Work request
Each line from the one with "Bufab Muttern 100er" through the last line of the material is to be printed exactly; no other line and no picture belongs in the copy.

Information shown
Segment Open

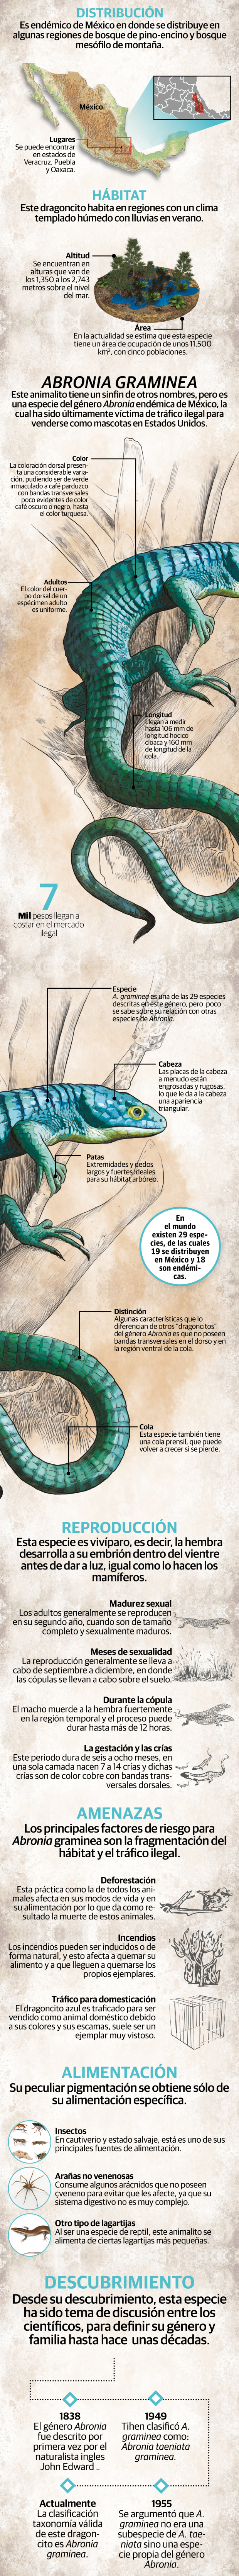 Perseguido por su belleza: el dragoncito azul mexicano está en riesgo de extinción
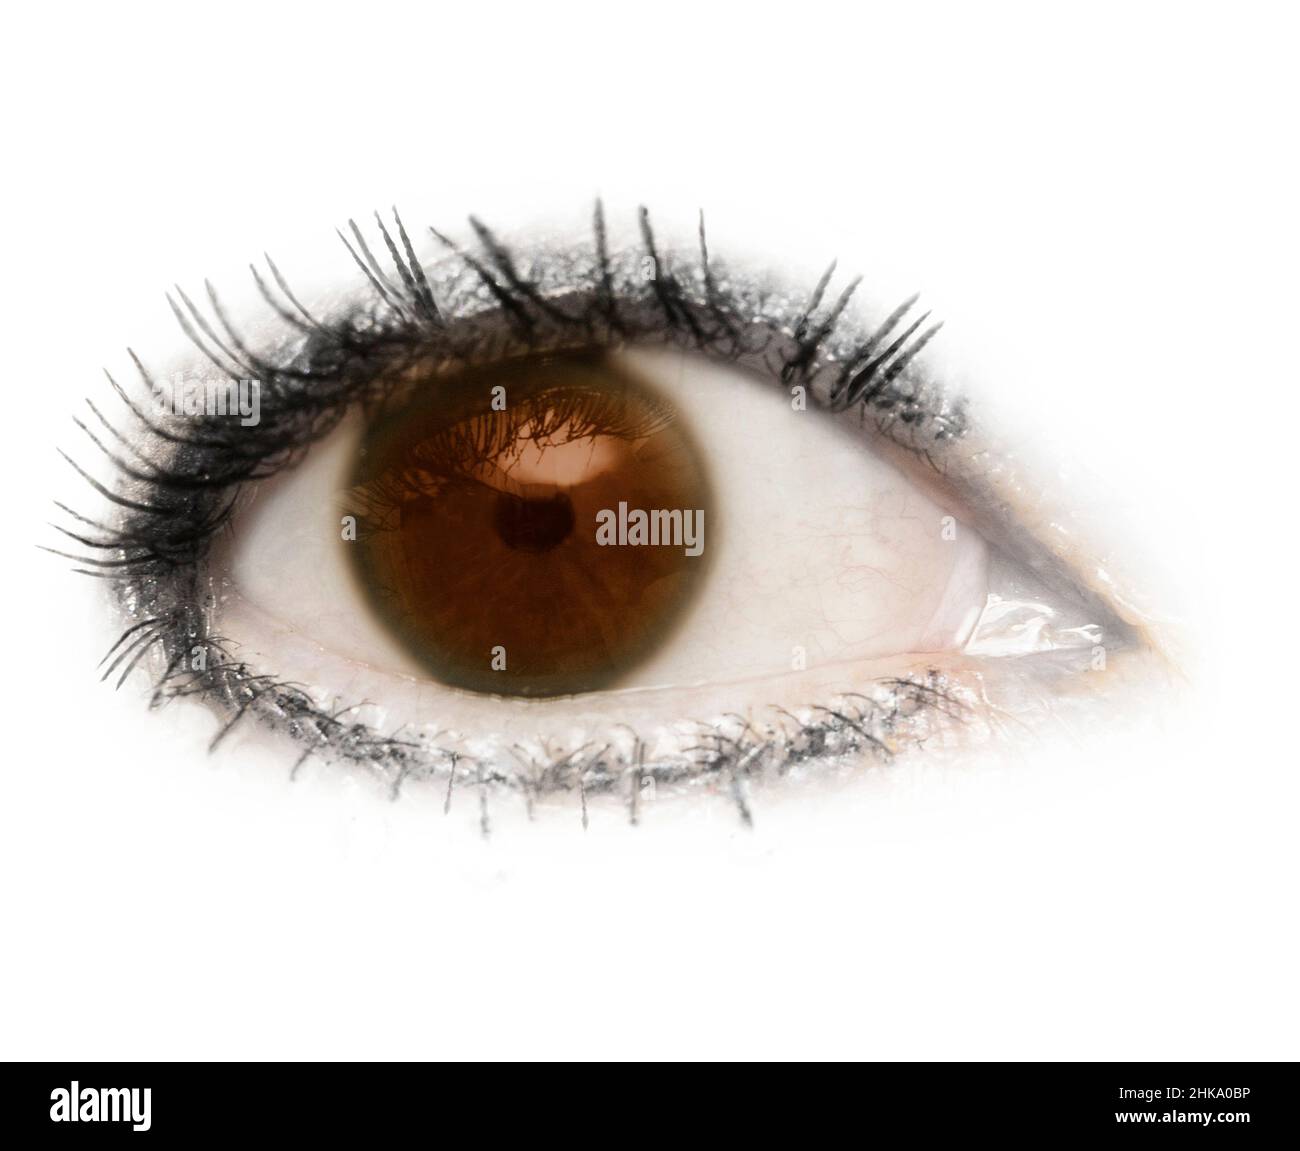 Un œil, un globe oculaire, des yeux bruns, bruns, isolés avec des cils sur un fond blanc.Paupière,pupille,sclère,iris. Banque D'Images
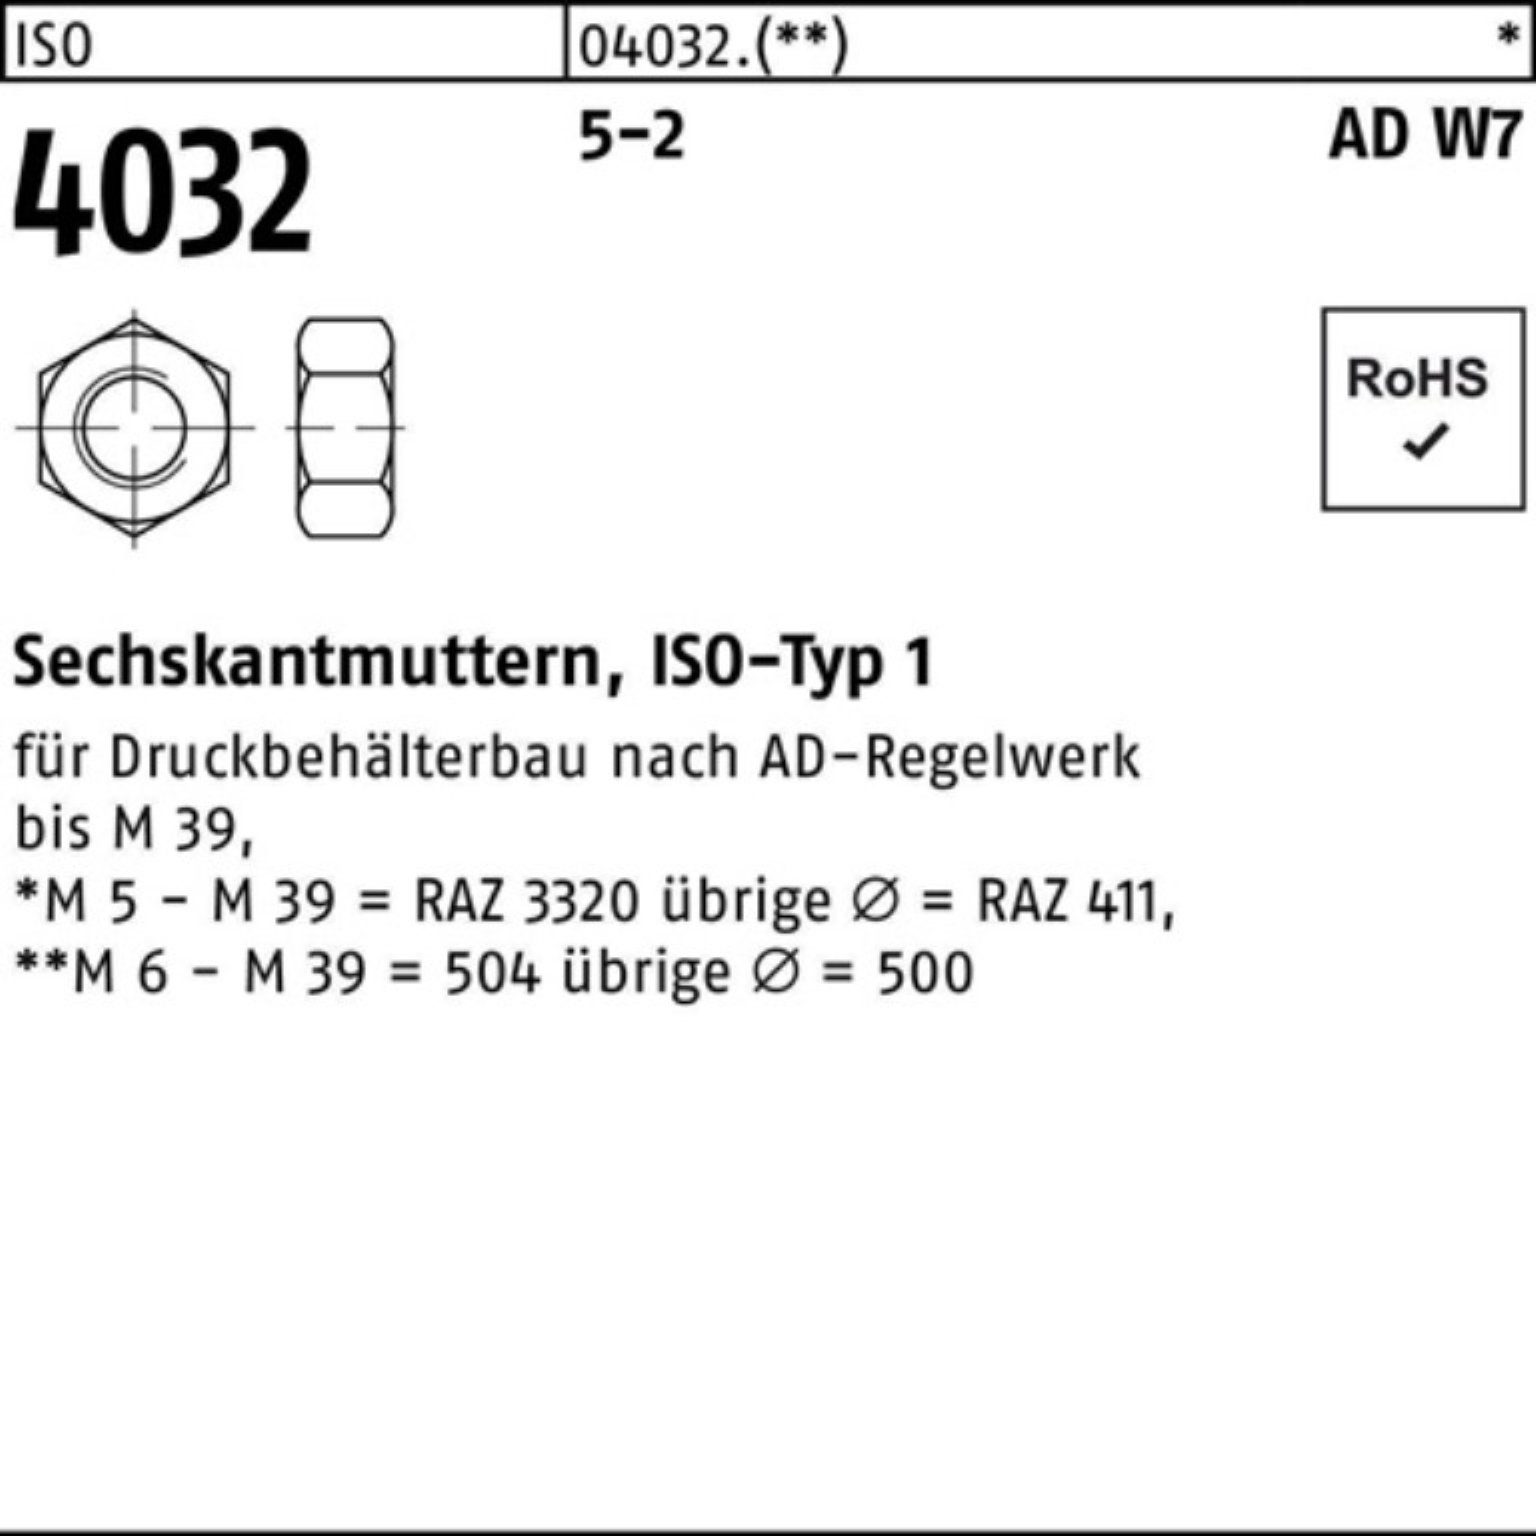 Bufab Muttern 100er Pack Sechskantmutter ISO 4032 M36 5-2 AD W7 10 Stück ISO 4032 5
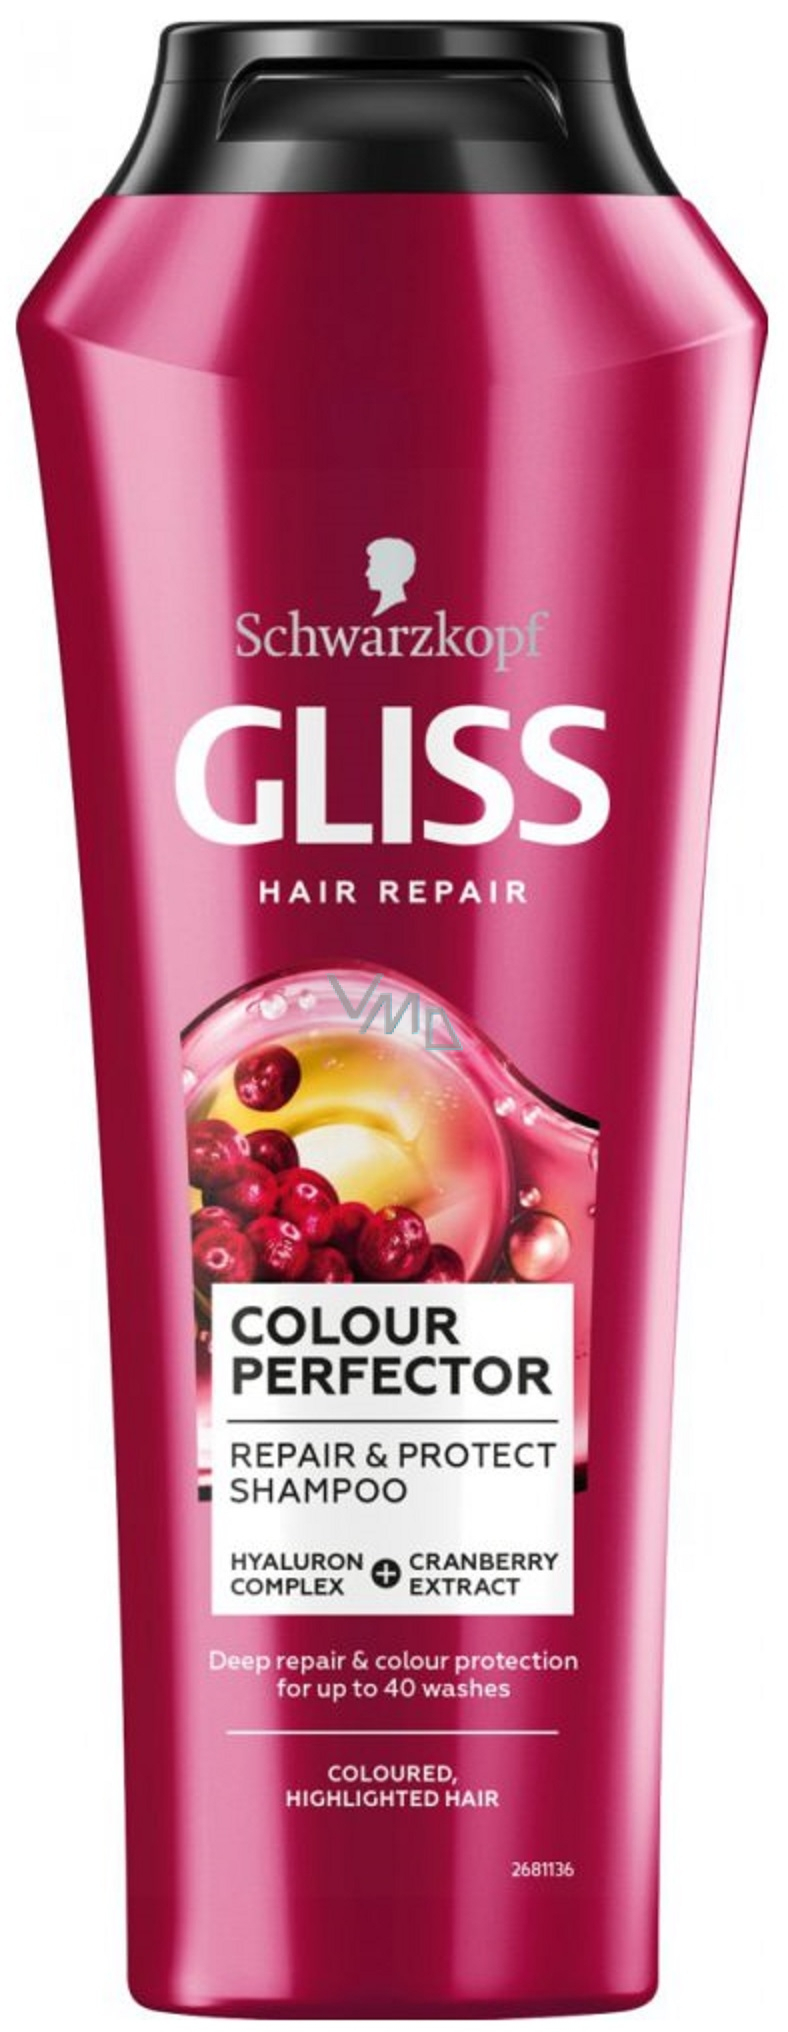 szampon z gliss kur ultimate color

Segment Closed

Result of this exercise
 Bufab Muttern 100er Pack Sechskantmutter ISO 4032 M36 5-2 AD W7 10 Stück ISO 4032 5
 szampon z gliss kur ultimate color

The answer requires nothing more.